"The Smile of the Child" at the General Assembly Meeting of the INGO Conference of the Council of Europe in Strasbourg
The Committee on Migration "Migrants' Rights" of the INGO Conference of the Council of Europe, participated in the Plenary–General Assembly meeting on 8 - 10 April 2024, during which ‘The theme of migration and asylum in election campaigns and the consequences on the welcoming and rights of migrants’, was discussed, among others.
"The Smile of the Child" participated in the General Assembly meeting of the INGO Conference Committee of the Council of Europe, as member of the Committee on Migration, where it plays a key role, based on its experience and knowledge in supporting and providing services to migrant populations.

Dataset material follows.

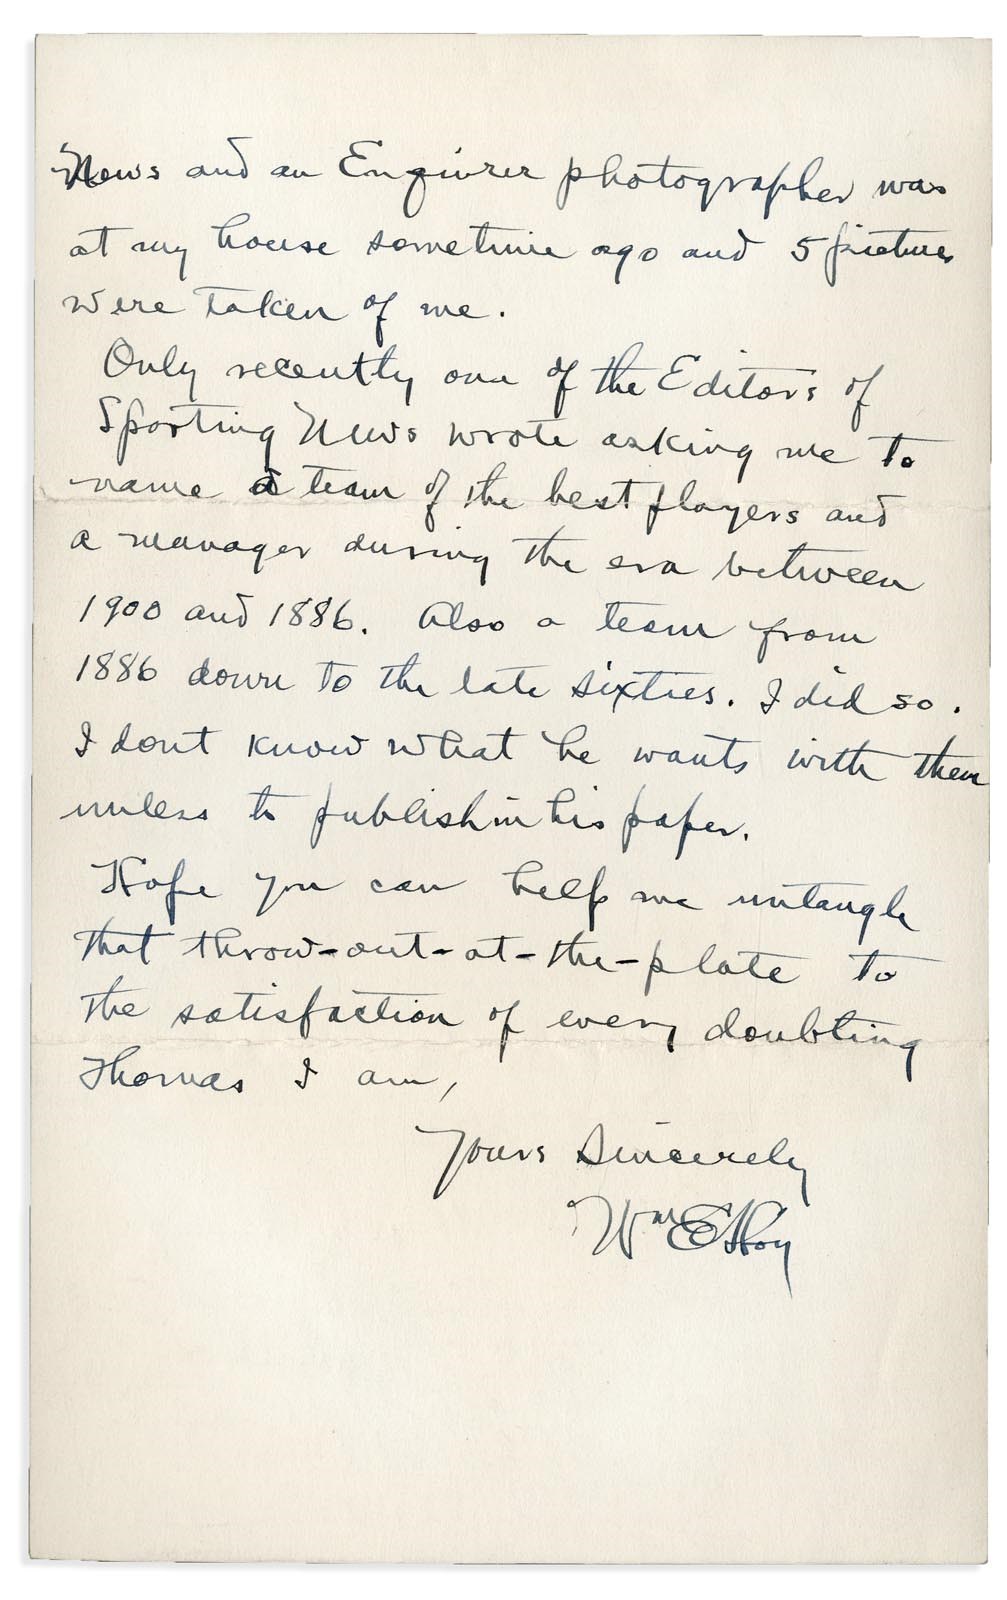 - 1943 Dummy Hoy Handwritten "Three Men Out" Letter (PSA)

During the General Assembly, a new mandate was given to the Migration Committee for the period 2024-2027 by vote, following the Committee’s presentation of its strategy and planned. Under its new mandate, the Committee will focus mainly on the issue of accommodation and its relation to access to services (education, healthcare), the labor market, the risks of trafficking in human beings, etc. A new four-member directive bureau of the Committee was set up, where “Smile” participates through its Head of International Cooperation, Amb. Marc Van den Reeck.
Additionally, during the Assembly, the consequences of the instrumentalisation of migration and asylum in an electoral context were highlighted as political polarization is steadily creeping into public opinion, into electoral behavior of citizens and into the political party landscape in many European countries. The issue of migration and asylum, as mentioned, is a driving force of major importance in this development. It was discussed that fieldwork experience and civil society clearly point out that a considerable segment of Europe’s public opinion favors more restrictive immigration and asylum policies, which are vocally ventilated in the discourse of certain political parties.
Hate speech, stigmatization of migrants and refugees, xenophobia, exclusion, incidents of violence, etc. are outright threats to the ethical values in which our European societies are rooted by historical nature and, inter alia, also by means of multiple Conventions, Recommendations and other legal instruments and monitoring mechanisms of the Council of Europe.
Combatting xenophobia, hate speech and exclusion of refugees and migrants can therefore not be seen as an isolated objective, according to the Fridez report, as they stressed that the weakening socio- economic security of a growing segment of European population and the growing number of European households in poverty or at risk of poverty, feed and enhance all sorts of negative perceptions about refugees and migrants.
The Migration Committee concluded that this resolution, based on the Fridez report, identifies several significant avenues, and overemphasized that the social and economic integration of refugees and migrants into our societies can only be achieved through a dynamic two-way process of intercultural education and genuine dialogue reflecting all stakeholders, required to create mutual empathy and understanding.